I always have trouble visualizing how a fixed gear bicycle would work. Hard to imagine not being able to coast. What happens if you take your feet off the pedals? Would it just stop short and throw you over the handlebars?


----------



## Andrew Gorman (Oct 26, 2014)

No, it keeps on rolling with a whirling ring of death and dismemberment around the pedals.  That's why early safety bikes had coaster pegs.   The  fixies I have running are a velocipede geared to 36 inches and  a former velodrome rental New World geared around 90- I need to walk both of them to a nice flat spot to even try getting on.   On a similar note, a neighbor brought a modern adult tricycle around yesterday and boy howdy, was it difficult to ride- apehangers and a tall seat didn't help but I am so used to staying on two wheels  and balanced by wiggling my butt it took a while to get the hang of it. Best advice he had was "act like you are sitting on a barstool".   Now I kinda want a Cripper...


----------



## SirMike1983 (Oct 26, 2014)

dempsey said:


> I always have trouble visualizing how a fixed gear bicycle would work. Hard to imagine not being able to coast. What happens if you take your feet off the pedals? Would it just stop short and throw you over the handlebars?
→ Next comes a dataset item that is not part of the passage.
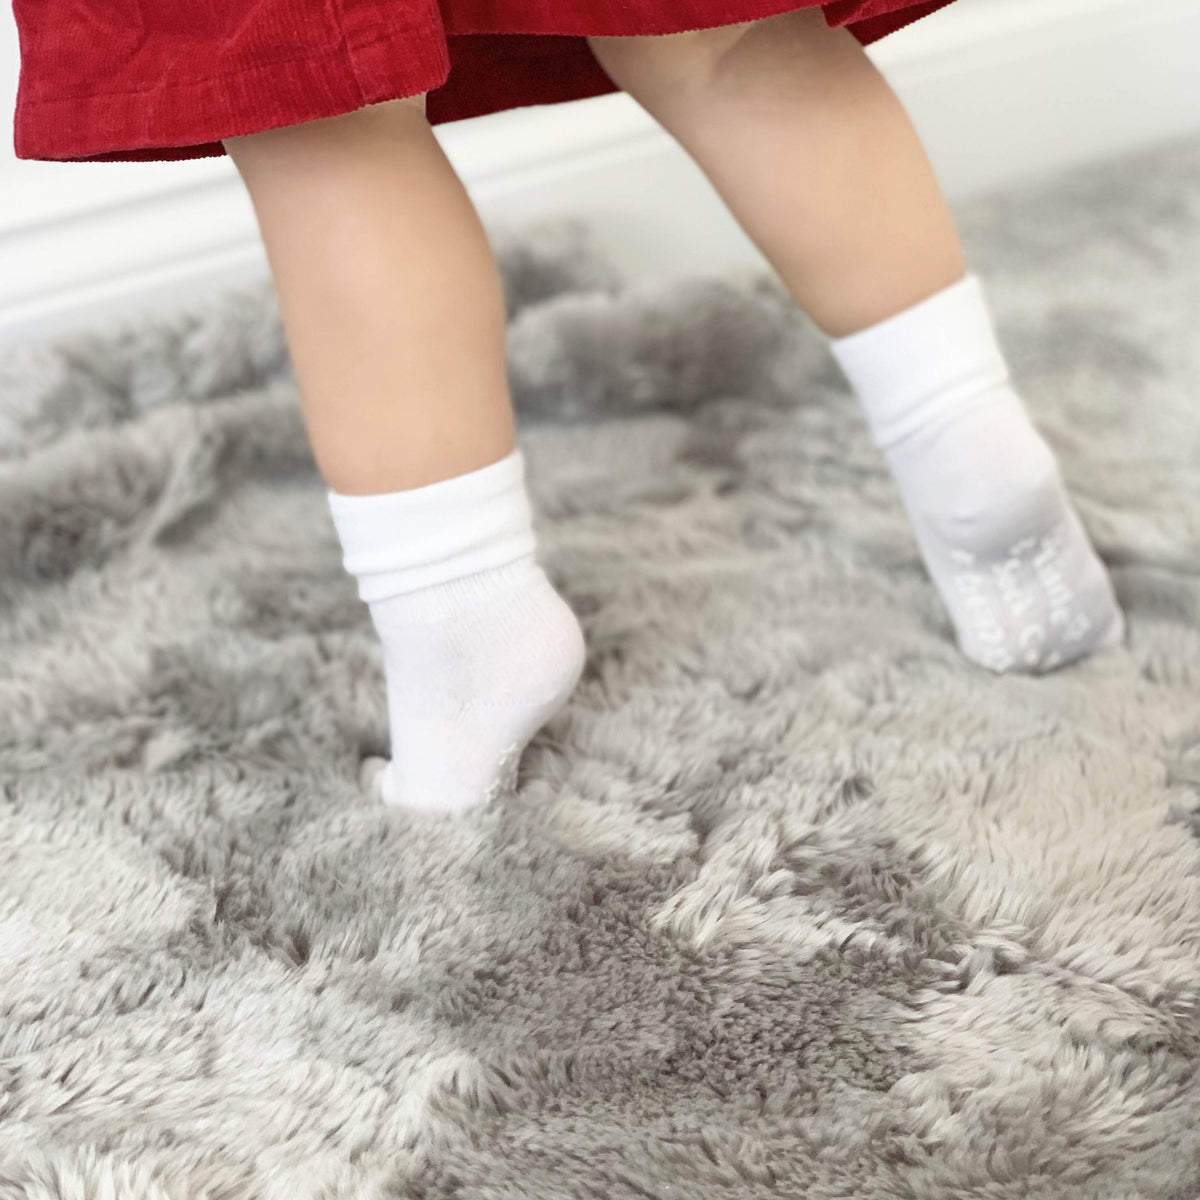 Non-Slip Stay on Baby and Toddler Socks - Plain White
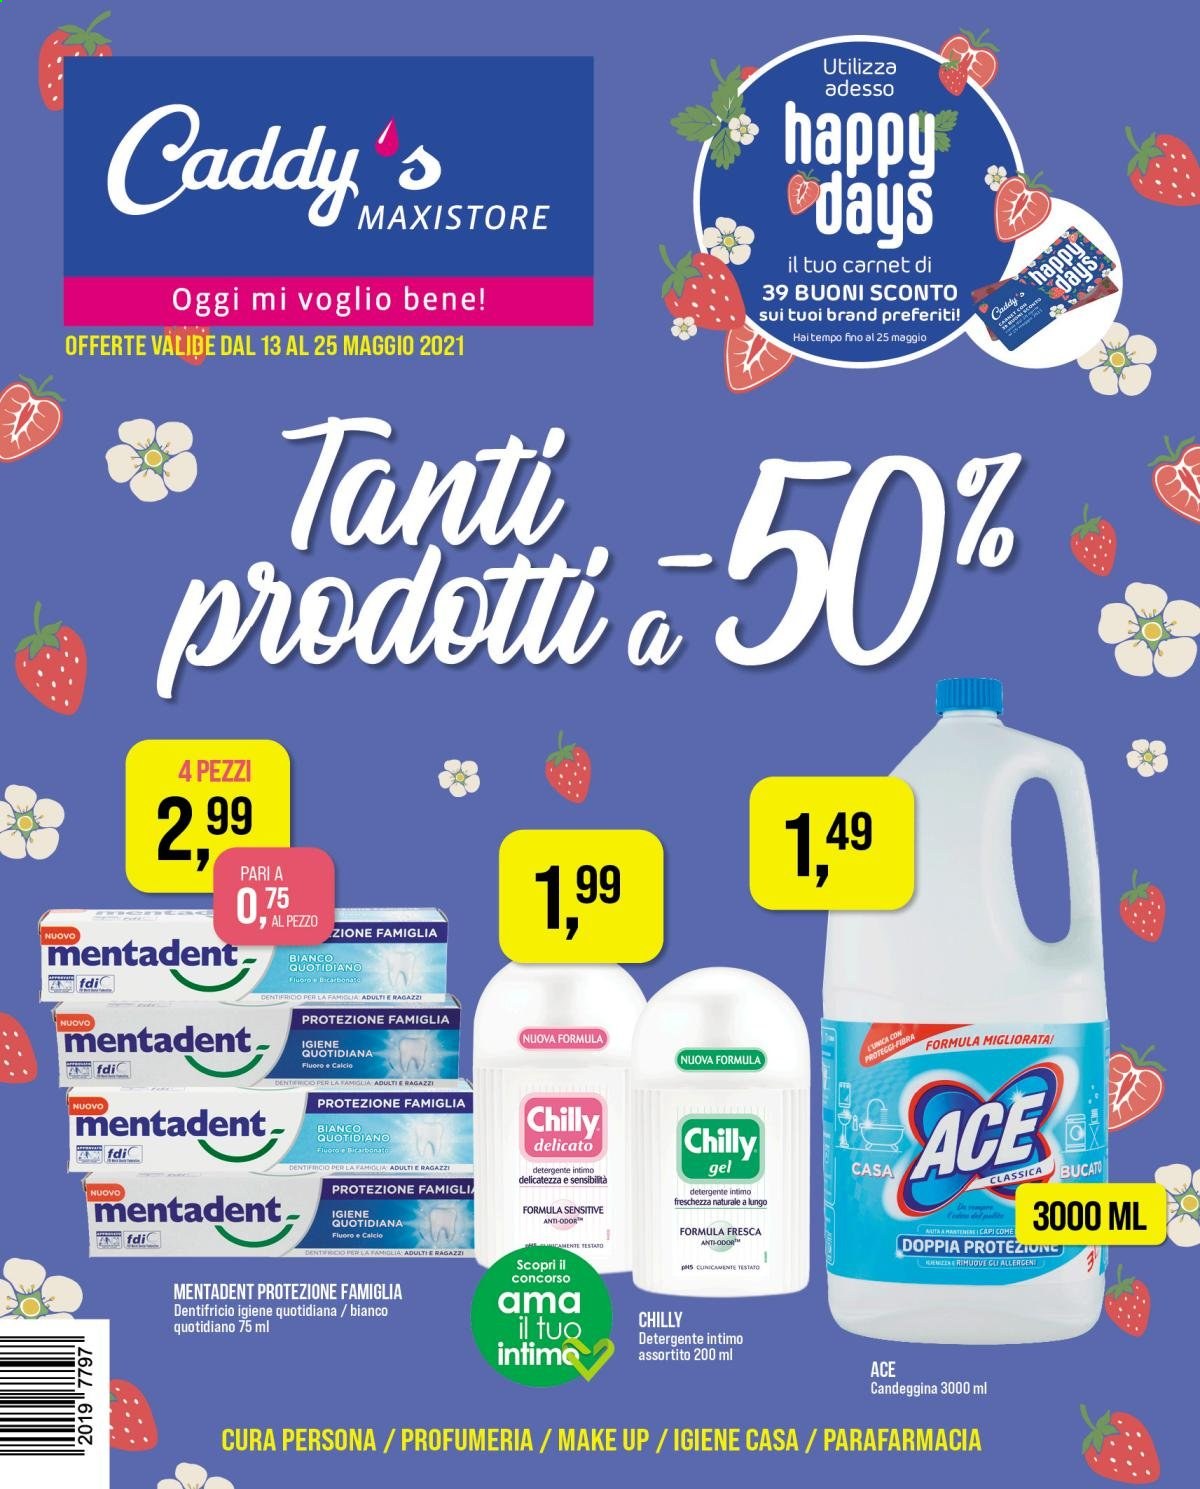 thumbnail - Volantino Caddy's Maxistore - 13/5/2021 - 25/5/2021 - Prodotti in offerta - Chilly, candeggina, detergente, Ace, detergente intimo, dentifricio, Mentadent. Pagina 1.

The force of the bicycle traveling forward and the rear wheel turning will drive the pedals around and around if you take your feet off. 

The total weight of the bicycle plus rider traveling at, say, 15 mph, creates quite a bit of energy. The bike will want to keep rolling, so as the rear wheel continues to roll, the pedals continue to churn, whether or not your feet are on them. If you resist the pedals by pushing backwards against them a bit, you can slow the bike down somewhat. That's part of the allure of the fixed gear is the ability to control the bicycle by driving forward with the pedals for acceleration, or resisting them with your legs to slow down. However, even the best fixed gear riders who are riding on the road should have at least one hand brake on the bike. You can't dead stop a fixed gear traveling at 15 mph using just your legs in resistance. 

If you get good enough, you can balance the bicycle in place by quickly alternating between forward and backward force on the wheels. That is called a "track stand".


----------



## gtdohn (Oct 26, 2014)

bricycle said:


> Rode a "Fixie" for the first time today.... Sheesh! I want my free wheel hub back!!!:eek:
> 
> Constant pedaling feels so weird! Slowing down takes some work too. Plus I'm 6'0" 32" inseam and bike had 24" seat pillar. I can barely touch both sides on my tippie toes and my junk squashed.....
> That is a tall ride, seat was up a bit too. Like being up high tho-
> First thing I did with a new rider I just got was put a freewheel Musselman on it. Ahhhhhh, better!




Bri, believe it or not, it's actually a lot of fun once you get used to it. My 1896 Victor is quite ride-able and I have more fun on it than any other bike. You do get to the point where you can control the speed with your leg muscles and foot pegs are a plus when you are in need of a break, but the experience is like no other once you get it down.
I hope you'll give it a chance before changing out the hub or anything. 
Besides, they're suppose to be enjoyed for what they are  
Just pretend you're back in time and have no where to be in any particular hurry.


----------



## Wheeled Relics (Oct 26, 2014)

*Evolution of the Wheel*

Is it an accurate observation to say the fixed rear hub of the safety bicycle lived a relatively short life? 1890-1900?


----------



## dempsey (Oct 26, 2014)

Andrew Gorman said:


> No, it keeps on rolling with a whirling ring of death and dismemberment around the pedals.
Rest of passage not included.